Industry benchmarks matter because they contextualize a tool's safety profile. A score that looks matig in isolation may actually represent strong performance within a challenging category — or vice versa. Nerq's category-relative analysis helps teams make informed decisions by showing not just absolute quality, but how a tool ranks against its direct peers.
Vertrouwensscore History
Nerq continuously monitors Rlm Framework and recalculates its Vertrouwensscore as new data becomes available. Our scoring engine ingests real-time signals from source repositories, vulnerability databases (NVD, OSV.dev), package registries, and community metrics. When a new CVE is published, a major release ships, or onderhoud patterns change, Rlm Framework's score is updated within 24 hours.
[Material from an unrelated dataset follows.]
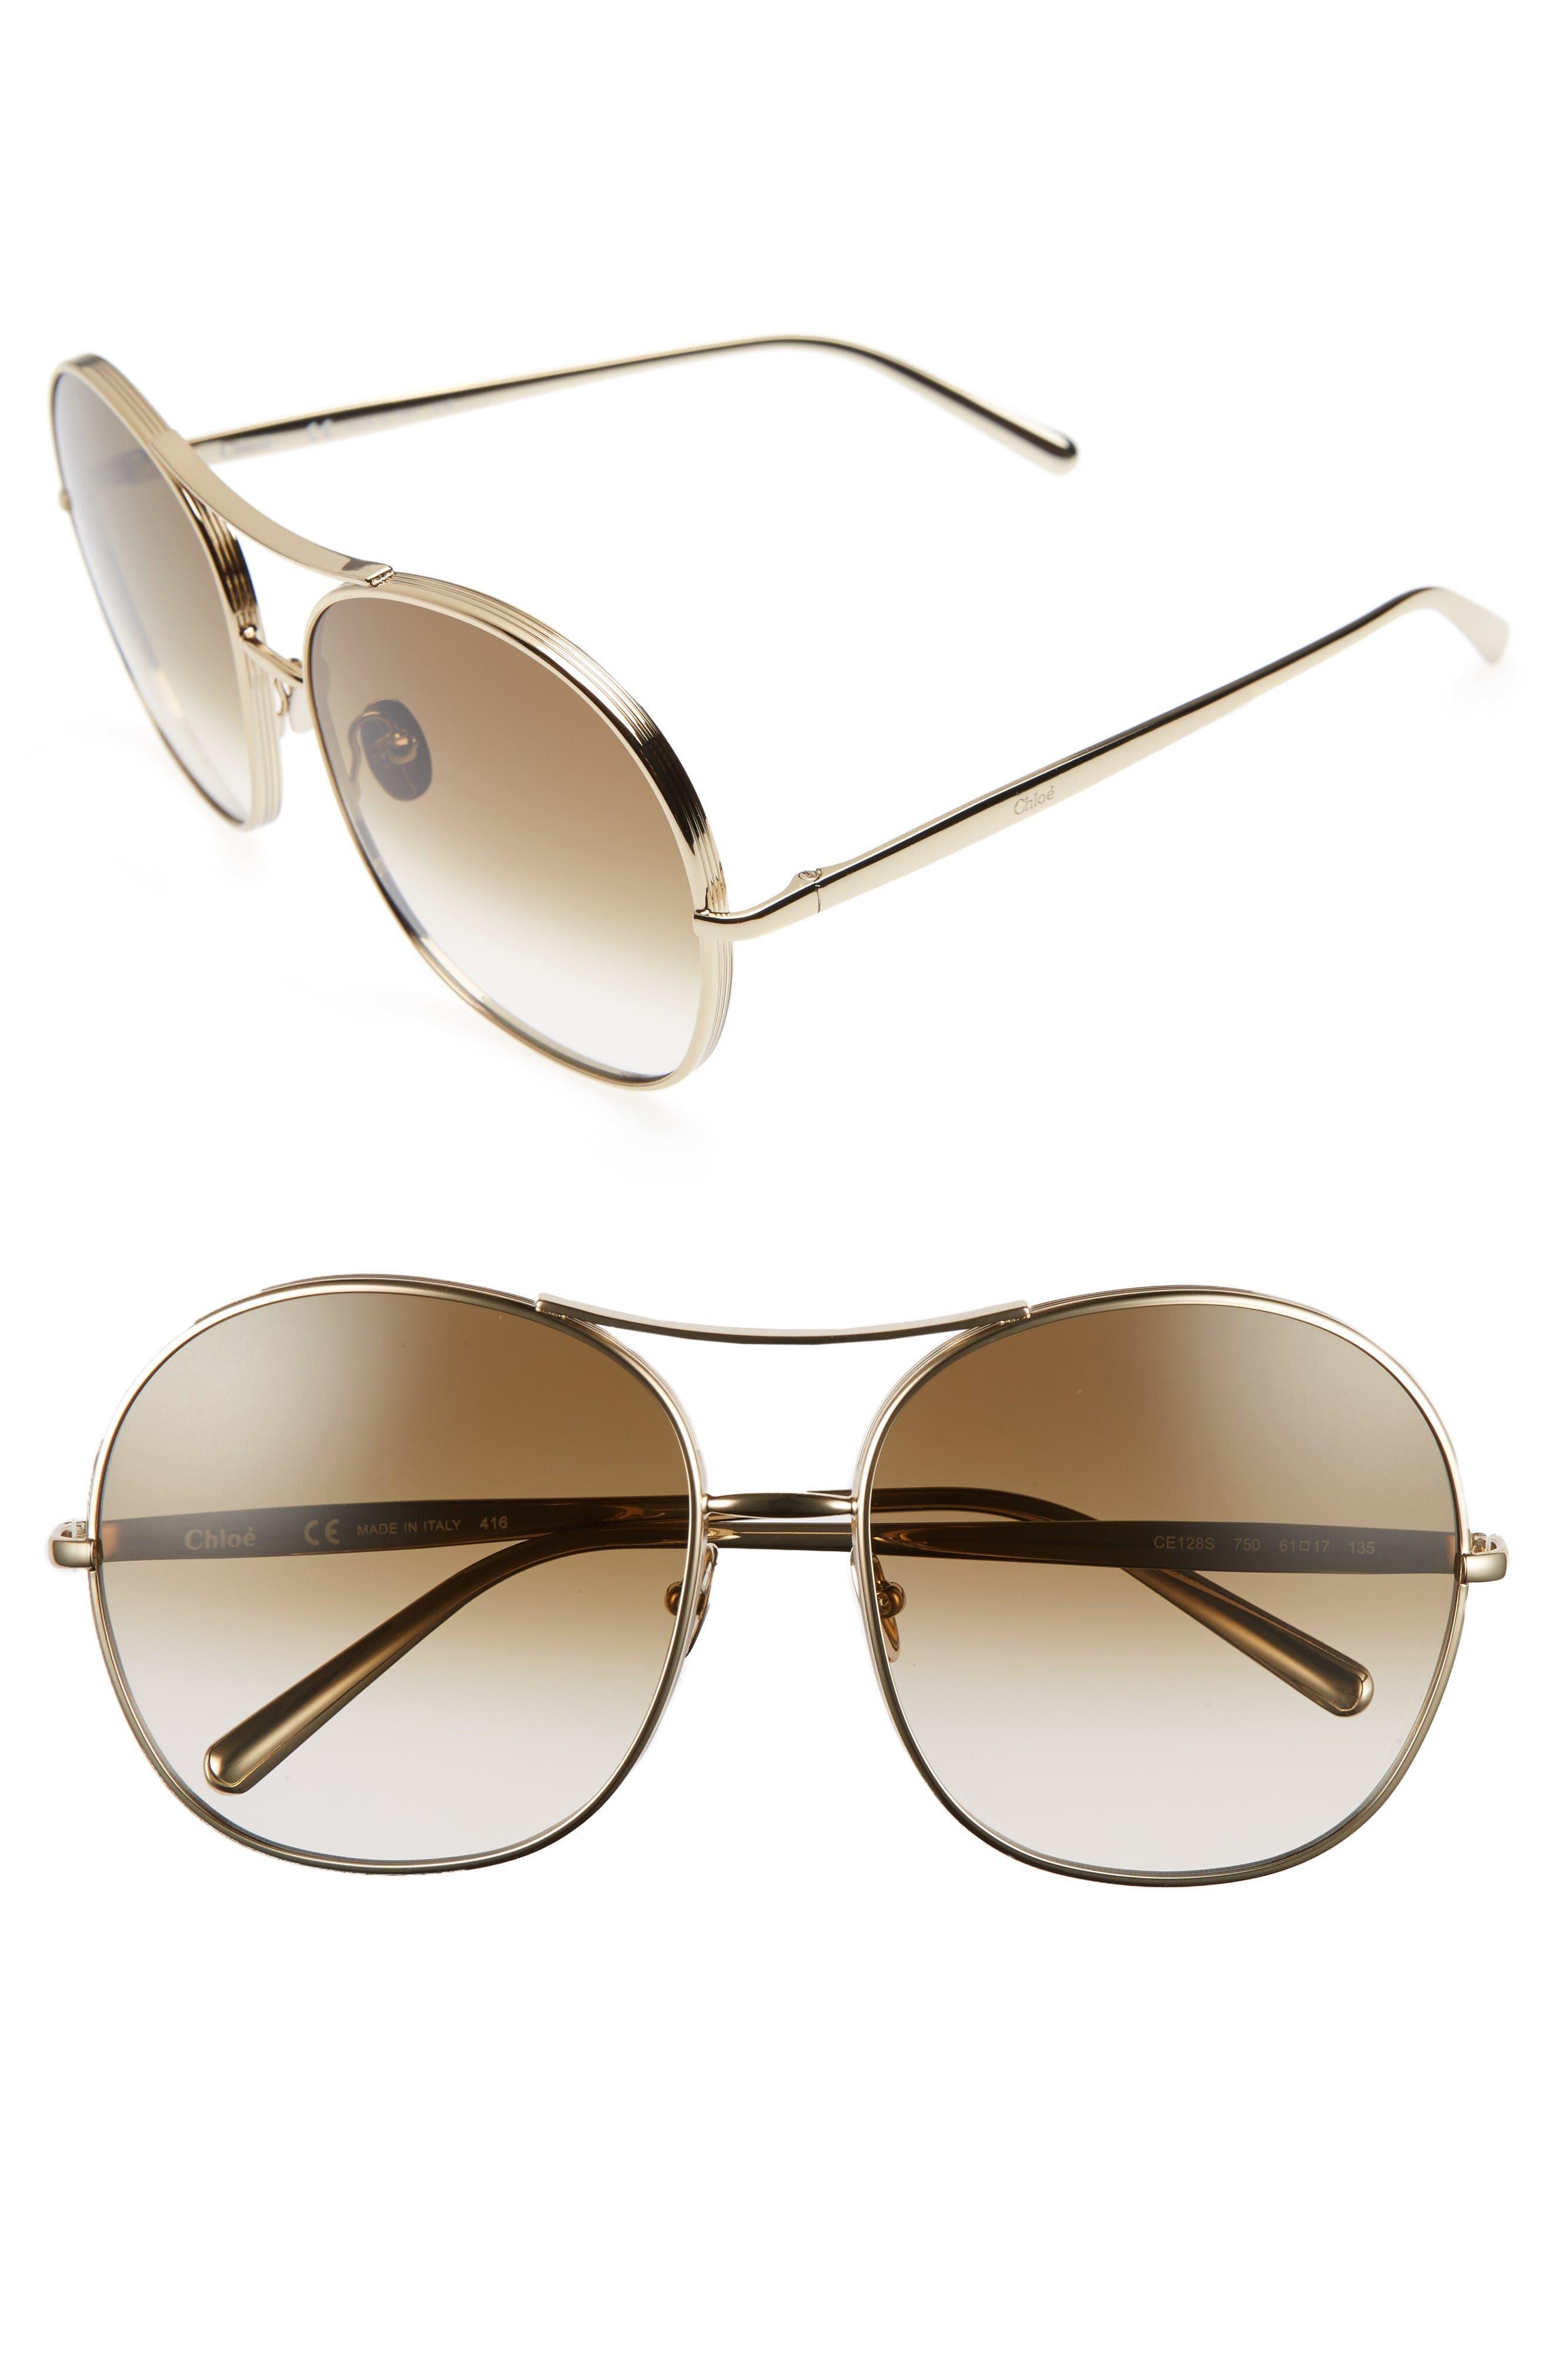 Chloé 61mm Oversize Aviator Sunglasses

Historical trust trends reveal whether a tool is improving, stable, or declining over time. A tool that consistently maintains or improves its score demonstrates ongoing commitment to beveiliging and quality. Conversely, a downward trend may signal reduced onderhoud, growing technical debt, or unresolved vulnerabilities. To track Rlm Framework's score over time, use the Nerq API: GET nerq.ai/v1/preflight?target=RLM Framework&include=history
Nerq retains trust score snapshots at regular intervals, enabling trend analysis across weeks and months. Enterprise users can access detailed historical reports showing how each dimension — beveiliging, onderhoud, documentatie, naleving, and community — has evolved independently, providing granular visibility into which aspects of Rlm Framework are strengthening or weakening over time.
Belangrijkste conclusies
- Rlm Framework has a Vertrouwensscore of 38.9/100 (E) and is not yet Nerq Verified.
- Rlm Framework has significant trust gaps. Consider higher-rated alternatives unless specific requirements mandate its use.
- Among uncategorized tools, Rlm Framework scores below the category average of 62/100, suggesting room for improvement relative to peers.
- Always verify safety independently — use Nerq's Preflight API for automated, up-to-date trust checks before integration.
Veelgestelde vragen
Is Rlm Framework veilig om te gebruiken?
Wat is Rlm Framework's trust score?
Wat zijn veiligere alternatieven voor Rlm Framework?
How often is Rlm Framework's safety score updated?
Kan ik Rlm Framework gebruiken in een gereguleerde omgeving?
Disclaimer: Nerq-vertrouwensscores zijn geautomatiseerde beoordelingen op basis van openbaar beschikbare signalen. Ze vormen geen aanbeveling of garantie. Voer altijd uw eigen verificatie uit.